Dataset section |

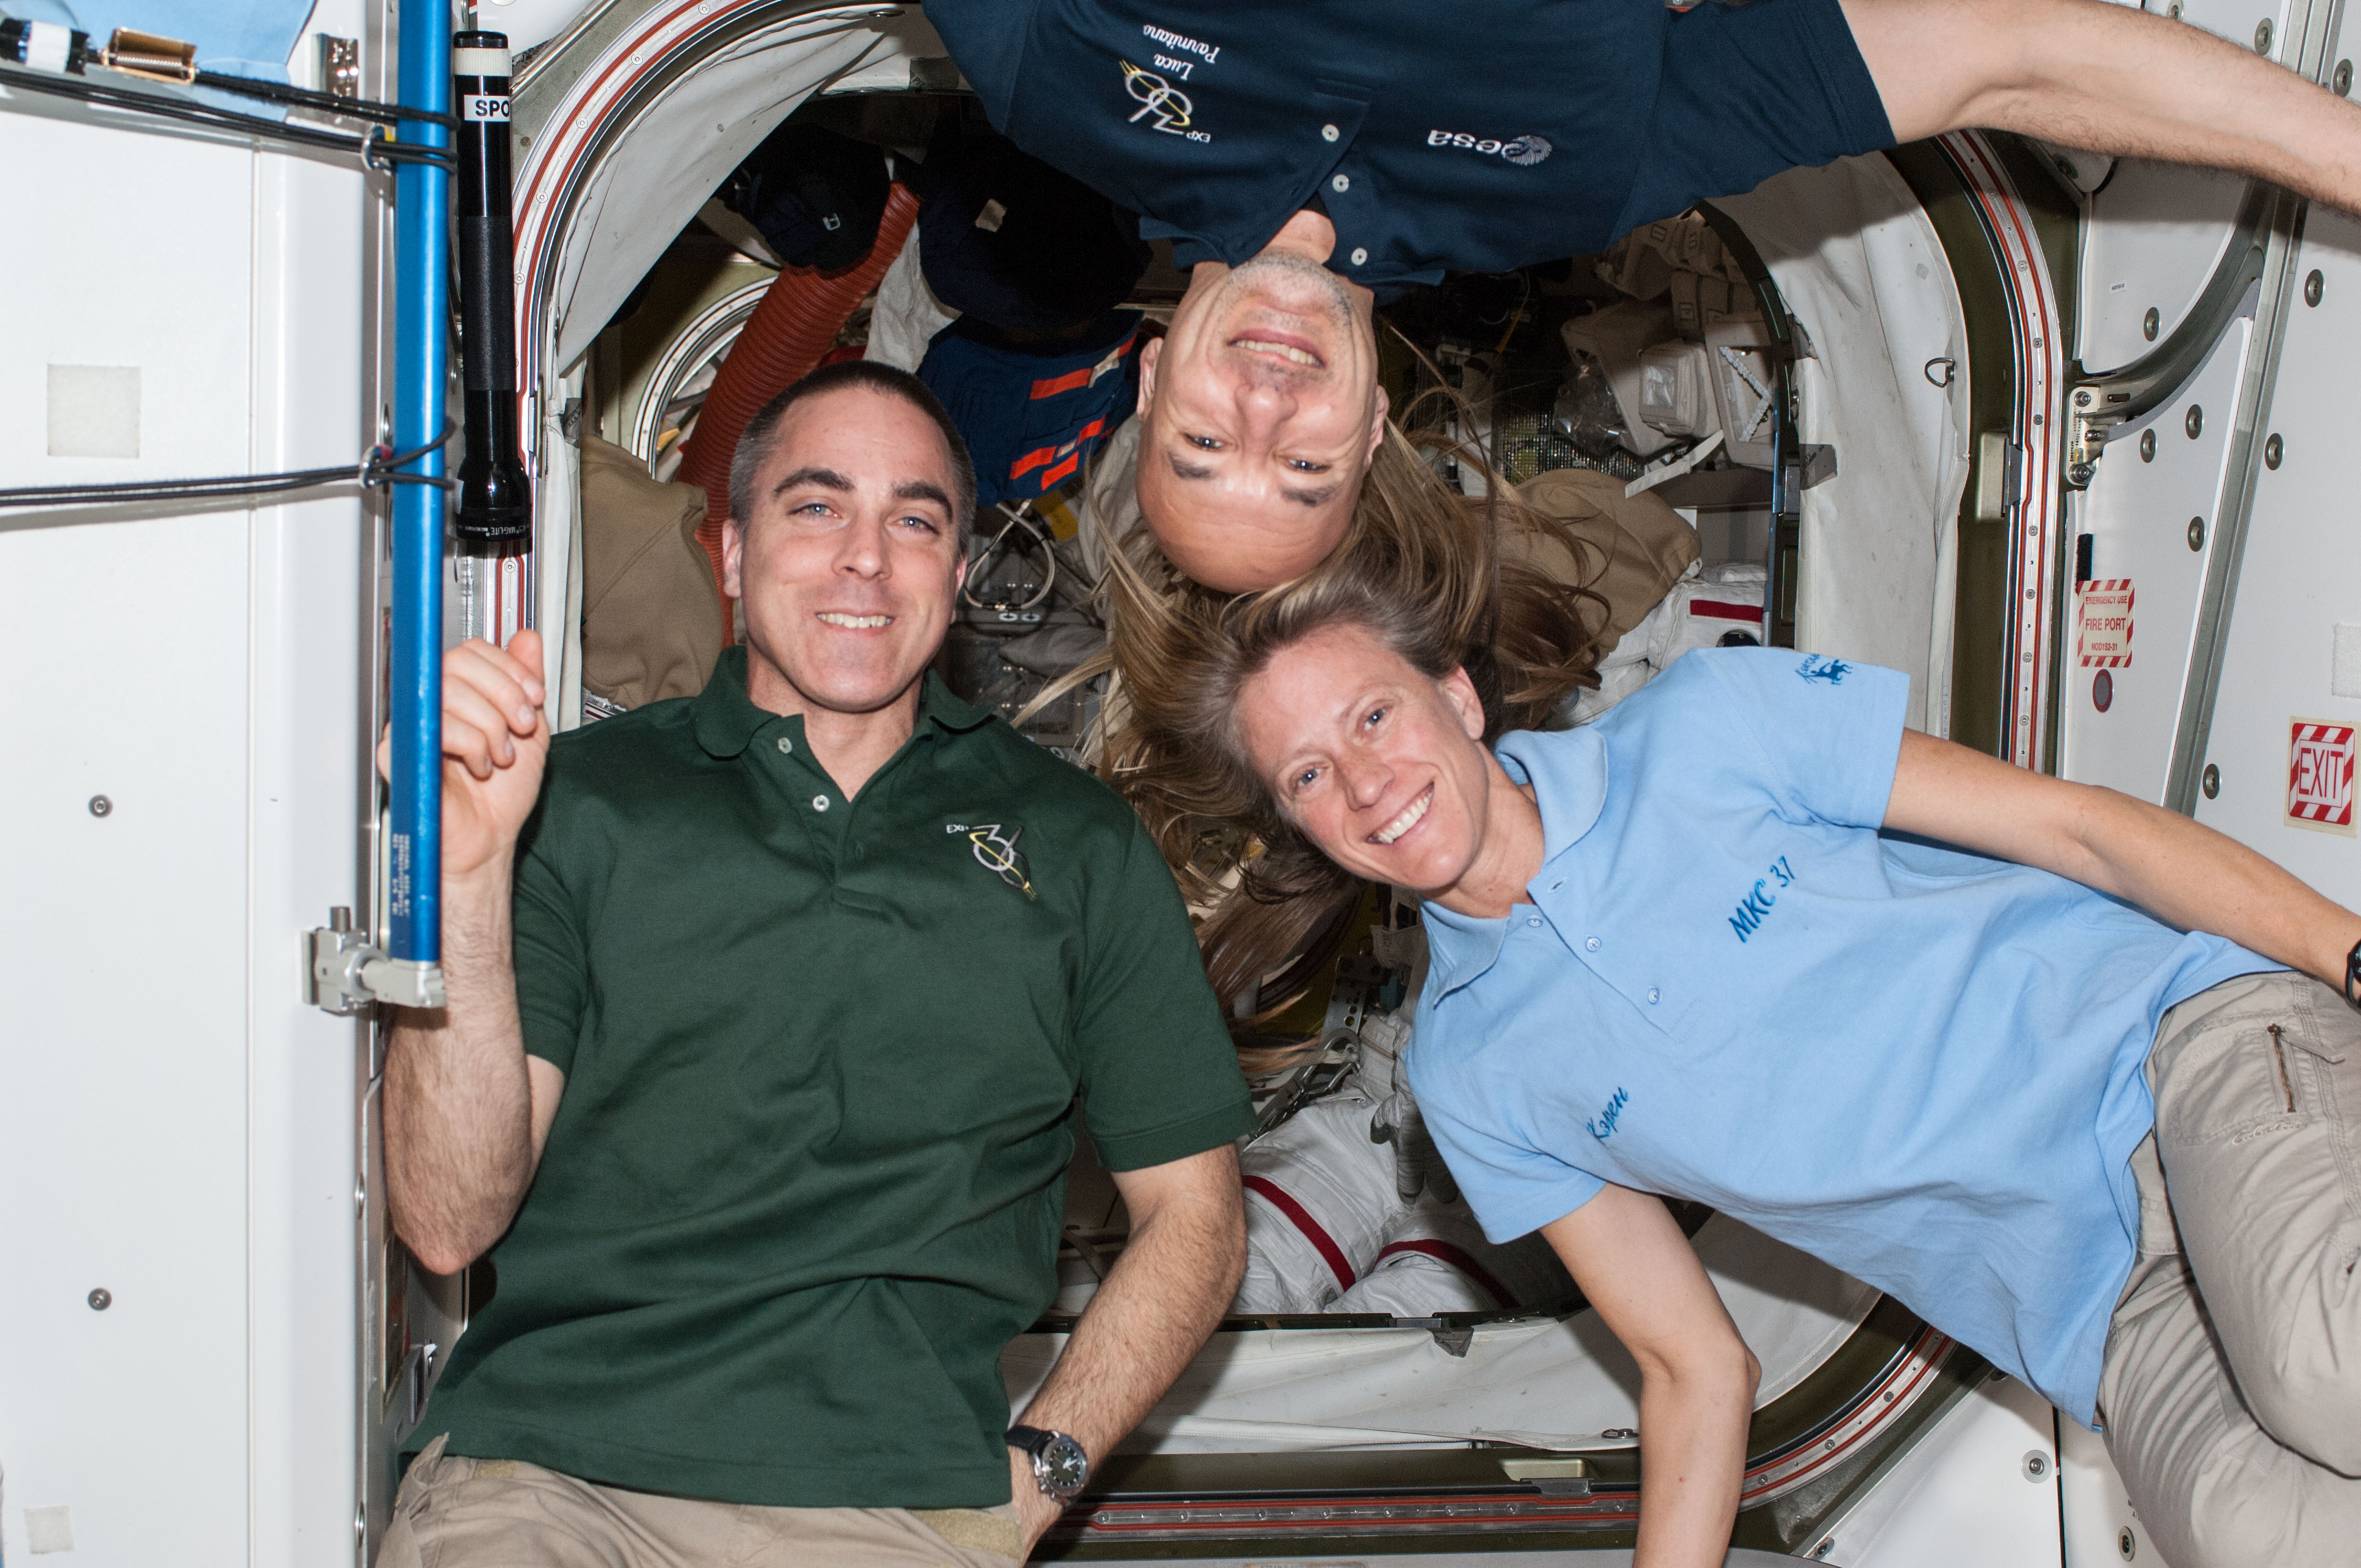 Chris Cassidy, Luca Parmitano and Karen Nyberg oversaw operations on the U.S. segment of the ISS from May-September 2013. Photo Credit: NASA
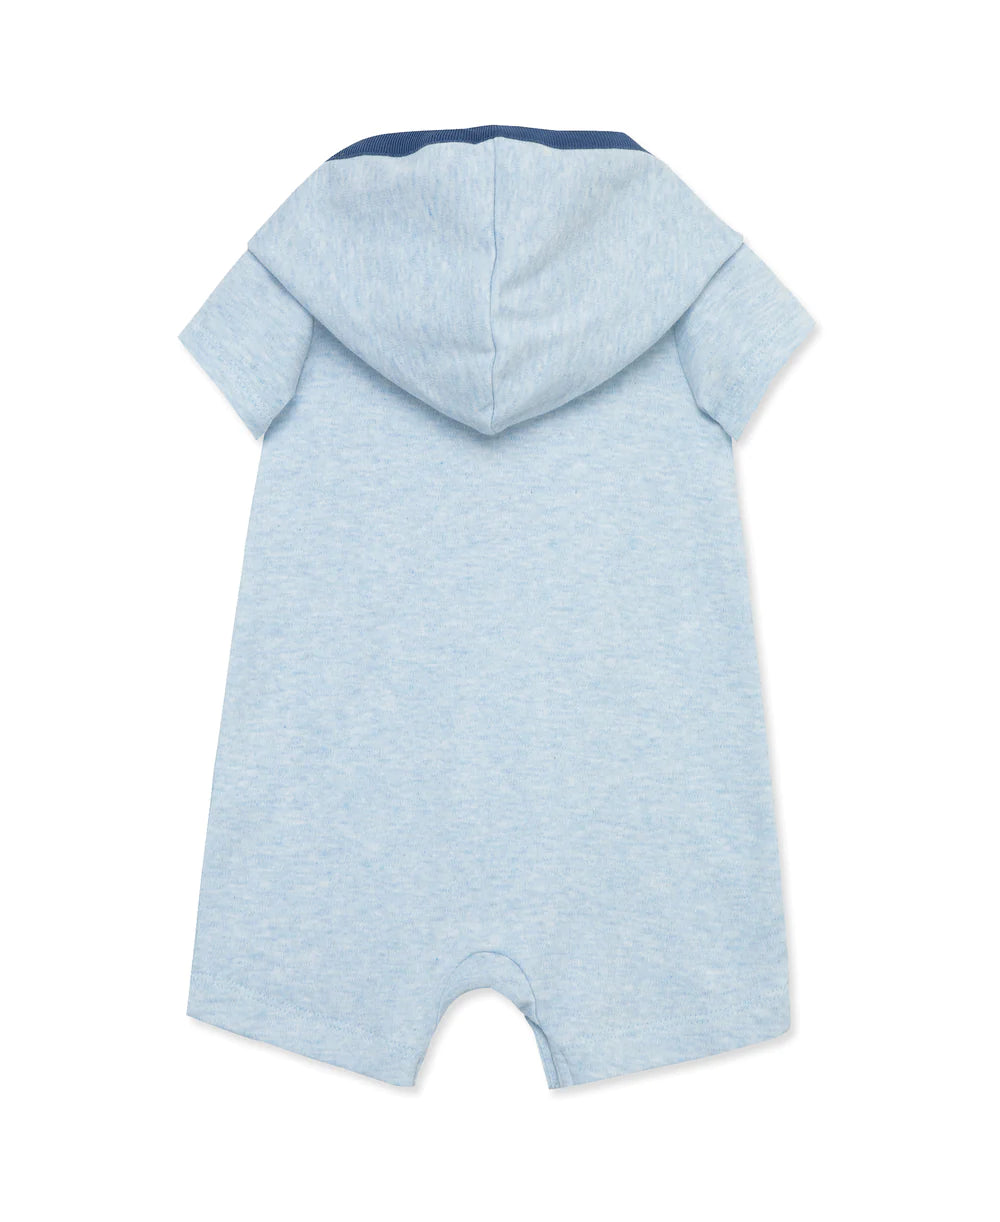 Haven & Co- Golf Hooded Romper
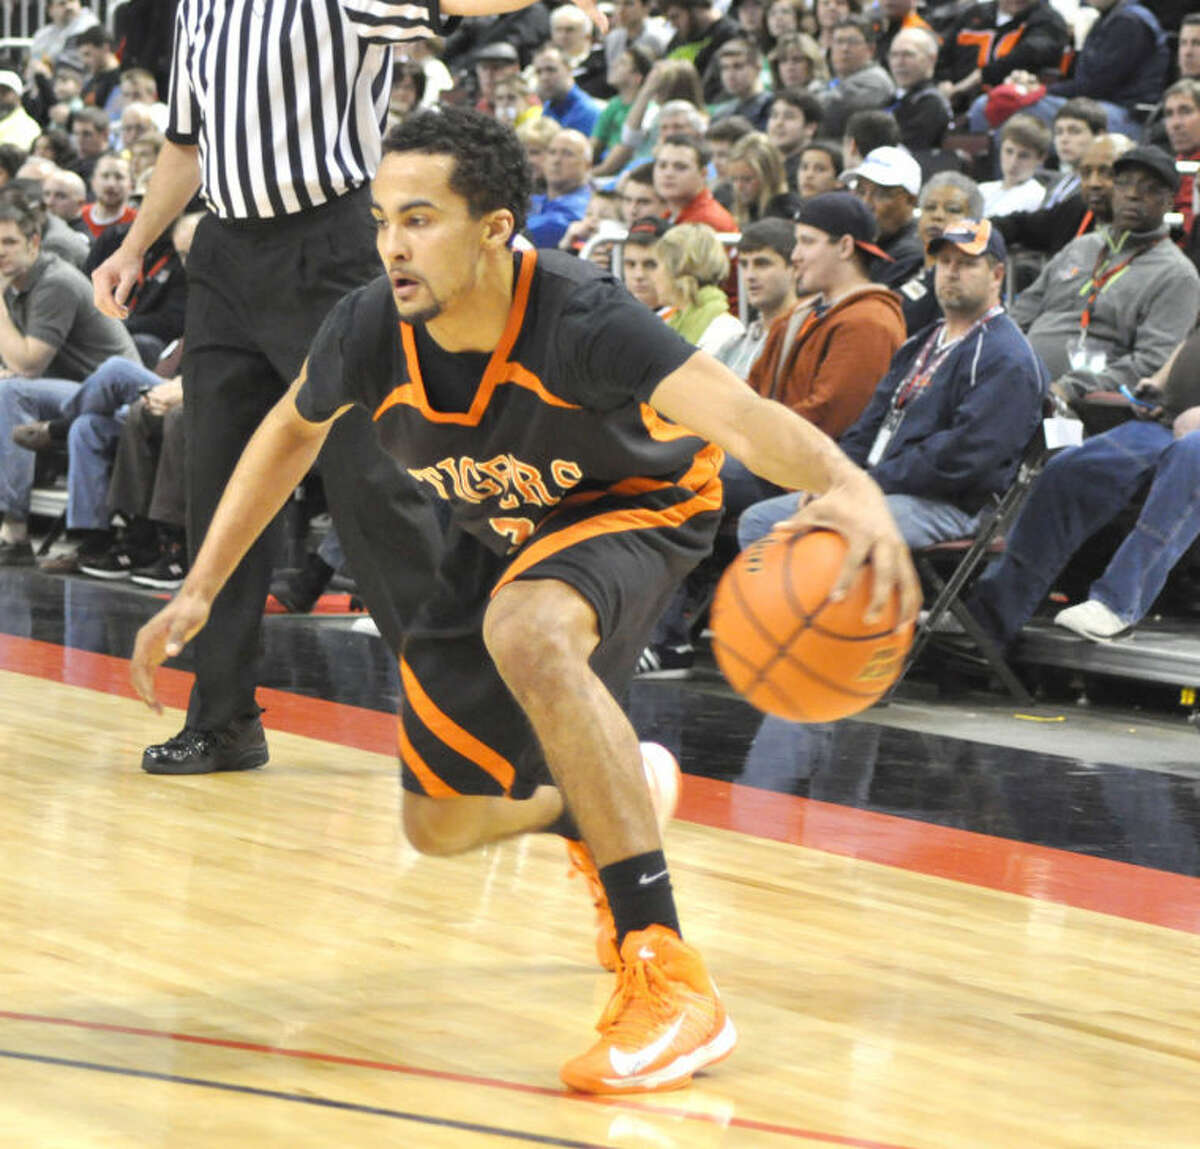 Tre Harris looks for an opening from the perimeter at the 2012-13 Class 4A state tournament.

About this exercise | Please return all of the material above exactly, minus any pictures.

Output for this task |
 Chris Cassidy, Luca Parmitano and Karen Nyberg oversaw operations on the U.S. segment of the ISS from May-September 2013. Photo Credit: NASA
 Haven & Co- Golf Hooded Romper
 Tre Harris looks for an opening from the perimeter at the 2012-13 Class 4A state tournament.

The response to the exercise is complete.